Basın Konseyi Başkanı Orhan Birgit, 27 Mayıs’ın nedenlerinden sayılan öğrenci hareketlerini kendisinin örgütlediğini, manşete çektikleri öğrencilerin kıyma makinesinden geçirildiği haberinin tam bir palavra olduğunu, 27 Mayıs’tan üç yıl önce, Samet Kuşçu davasında darbe soruşturmasını engelleme amacıyla CHP adına mahkemeye müdahil olmakla görevlendirildiğini itiraf eder Aksiyon dergisiyle yaptığı bir söyleşide.
Berat Özipek, CHP’nin ayrıcalıklı sınıfları meşrulaştırmak için başvurduğu yolun ne olduğunu, 27 Mayıs ve onu izleyen darbelere nasıl da zemin hazırladığını pek güzel anlatır: “Aşağıdakiler, ‘niye siz yönetiyorsunuz, niye sizin çocuklarınız iyi yerlerde okuyor, iyi görevlere geliyor da bizimkiler gelmiyor?’ dendiğinde, ‘siz yeterince çağdaş ve laik olmadınız. Bu yüzden eşitsiz ilişkimiz sürecek.’ duruşunu sergilemekte. Anadolu sermayesine karşı çıkmalarının başörtüsü ya da namazla değil, pazar payına girmiş olmasıyla ilgisi var.”

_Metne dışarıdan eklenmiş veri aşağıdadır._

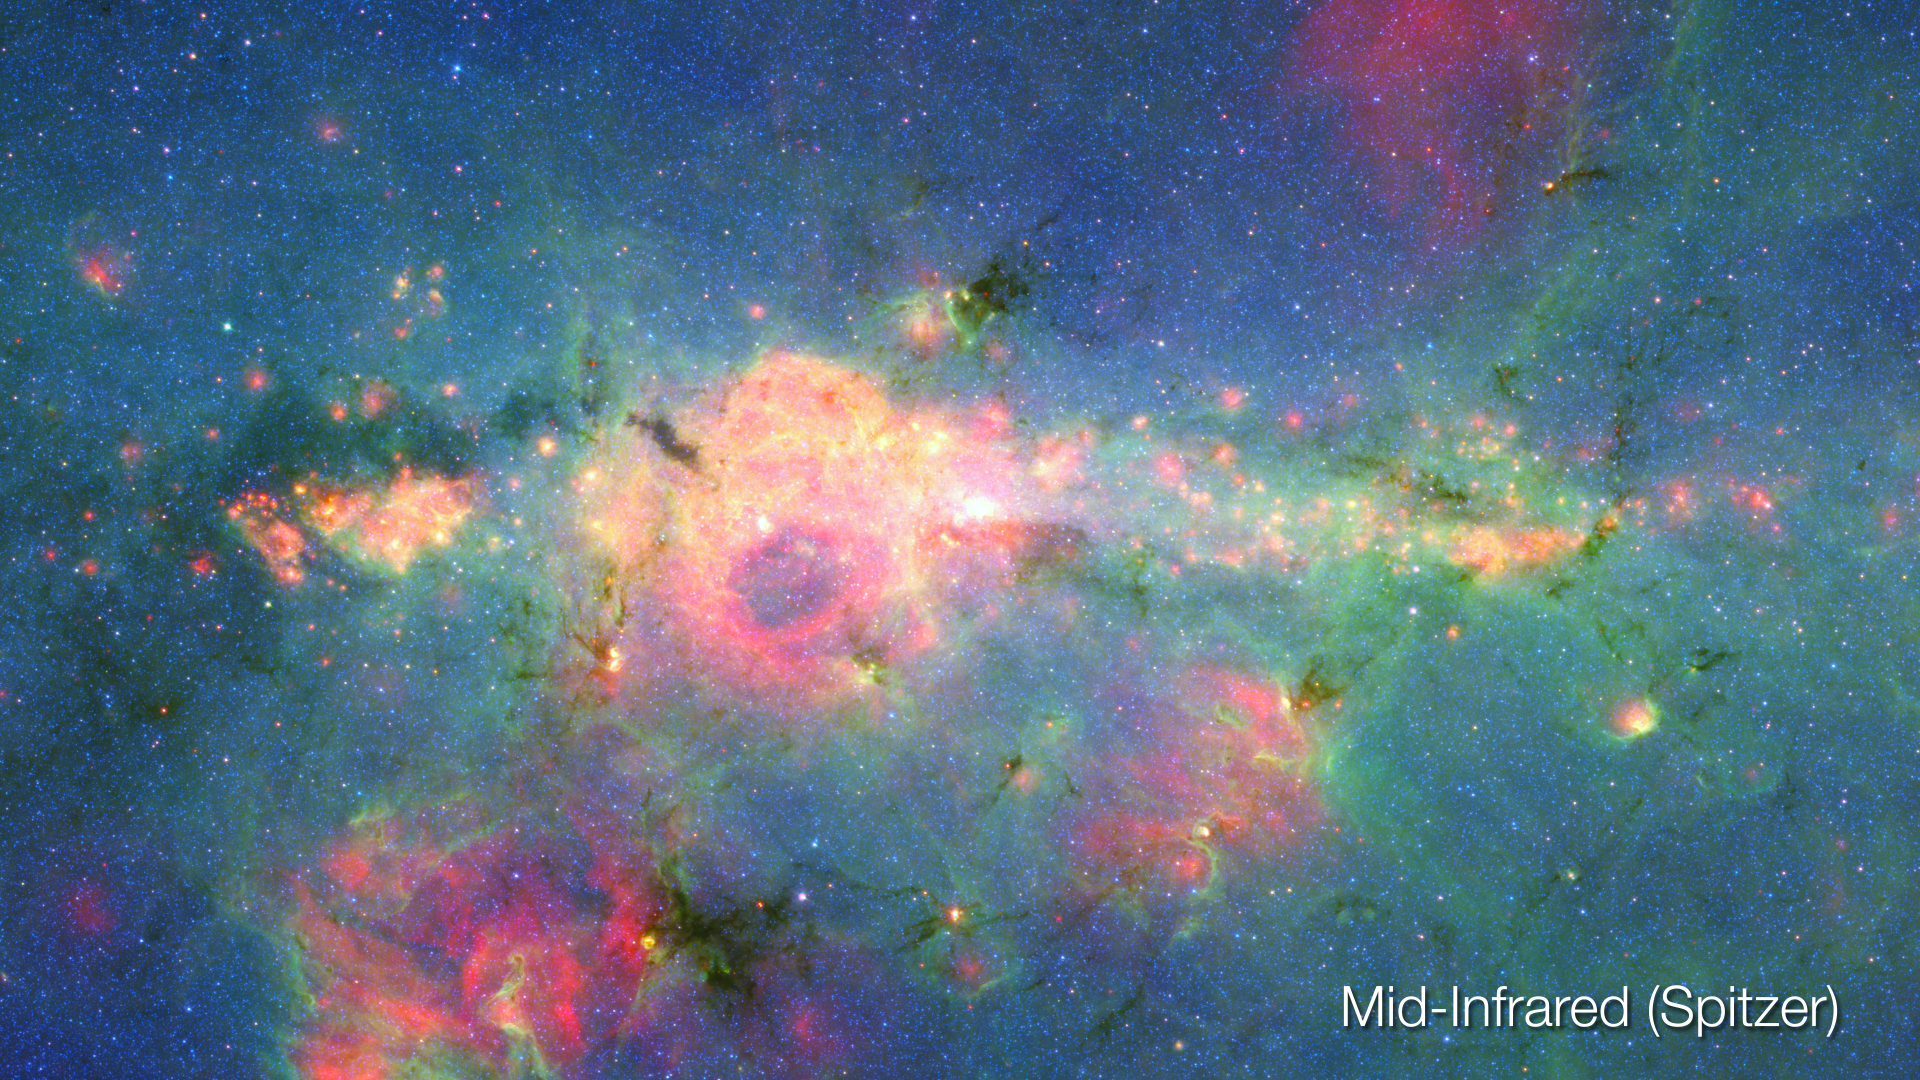 Preview Image for Galactic Center in Multiple Infrared Wavelengths

Darbecileri koruma, kollama ve de onları yüreklendirme görevini günümüz CHP’si de sürdürüyor. Kanıtsa istediğiniz, Kılıçdaroğlu Kemal Bey’in Silivri’de, tahliye istemlerinin mahkeme heyetince reddinden sonra patlattığı “başbakanın yargıçları” demecini hatırlayın yeter!
Vesayet demokrasisi yandaşlarının, seçim sandıkları açılıp da, milletin kendilerine yüz vermediğini gördüklerinde,”demokrasi elden gidiyor...şeriat ve dahi faşizm geliyor,” safsatalarıyla askerin eteğine yapışmaları, kendilerine arka çıkan kimi iş çevreleri ve basınla kol kola girmeleri hep yöneten olarak kalma isteklerinden kaynaklanıyor. İşin en acıklı yanı, günümüzde birçok kişinin, hala CHP’yi Mustafa Kemal’in kurduğu Halk Fırkası olarak algılaması ki, bu yanılgıların en büyüğü! Bu günkü CHP Mustafa Kemal’in kurduğu fırka değil, Mişel Eflak’ın Arap Diriliş Partisiyle Ekrem Havrani’nin Arap Sosyalist Partisi’nin birleşmesi sonucu ortaya çıkan, elitist, askere sırtını dayamış, seçimlere hiç yanaşmamış, Irak ve Suriye’yi mahvetmiş Baas Partisi’ni hatırlatıyor insana ne yazık ki!